_Task description_.
Reproduce the data exactly as given, except for any images.

_Provided material_.
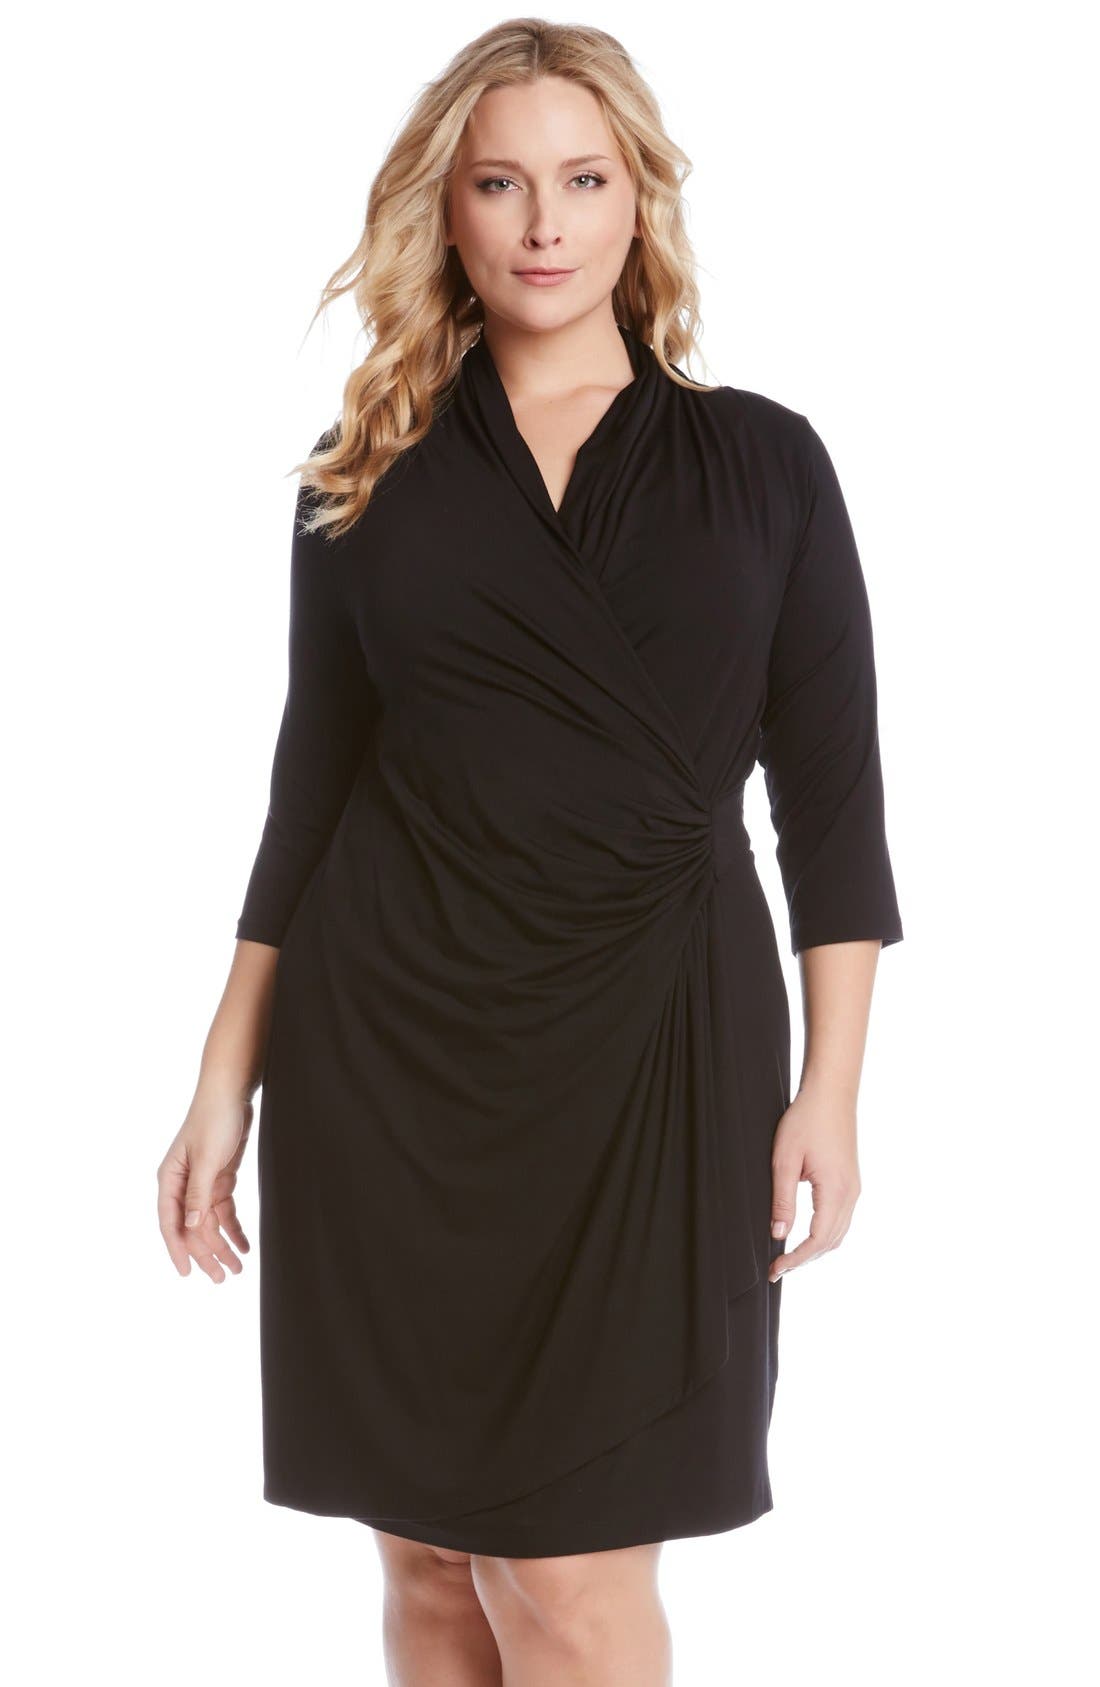 $118 Karen Kane Blue/Black Plus Size Confetti Geo Print Stretch Jersey Dress
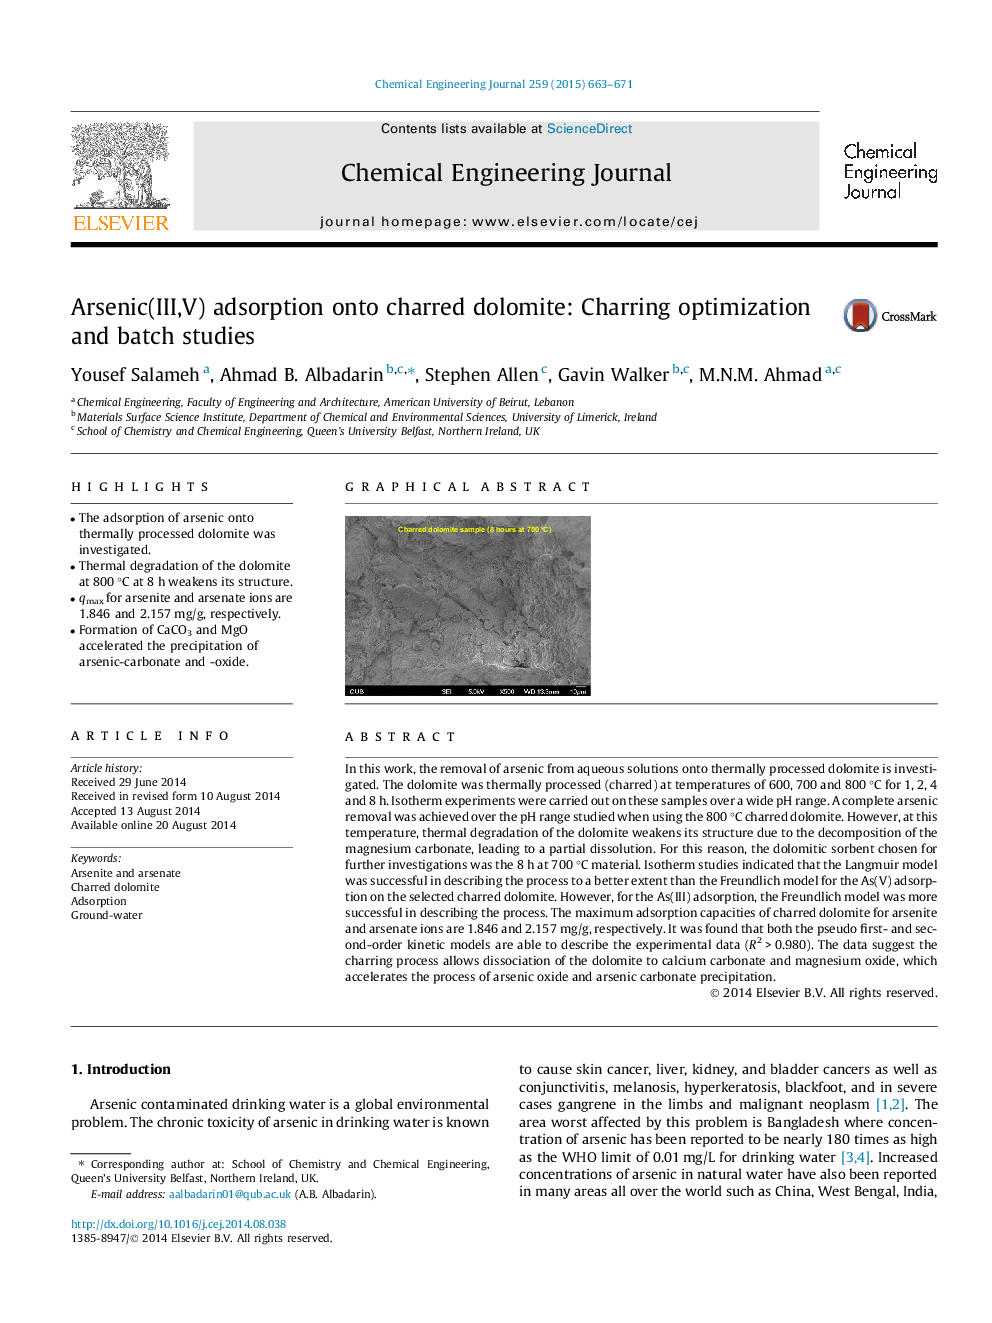 Arsenic(III,V) adsorption onto charred dolomite: Charring optimization and batch studies
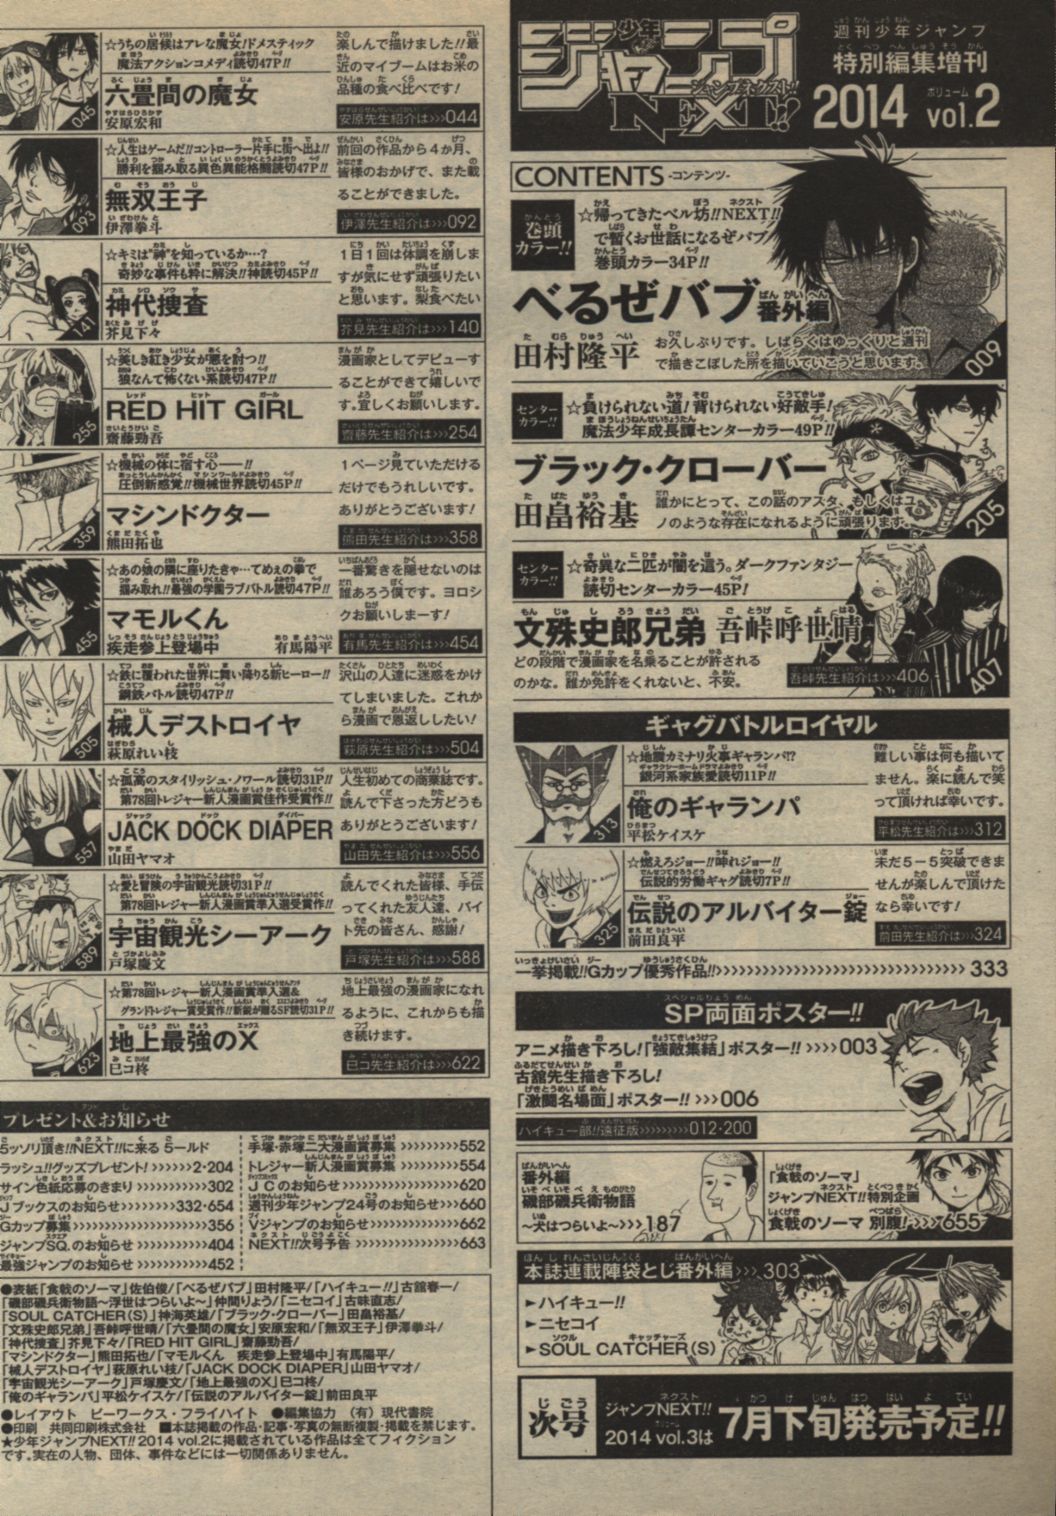 Shueisha Weekly Shonen Jump Special Edit Shonen Jump Next 14 Vol 2 1402 Mandarake Online Shop

_Exercise result_.
 $118 Karen Kane Blue/Black Plus Size Confetti Geo Print Stretch Jersey Dress
 Arsenic(III,V) adsorption onto charred dolomite: Charring optimization and batch studies
 Shueisha Weekly Shonen Jump Special Edit Shonen Jump Next 14 Vol 2 1402 Mandarake Online Shop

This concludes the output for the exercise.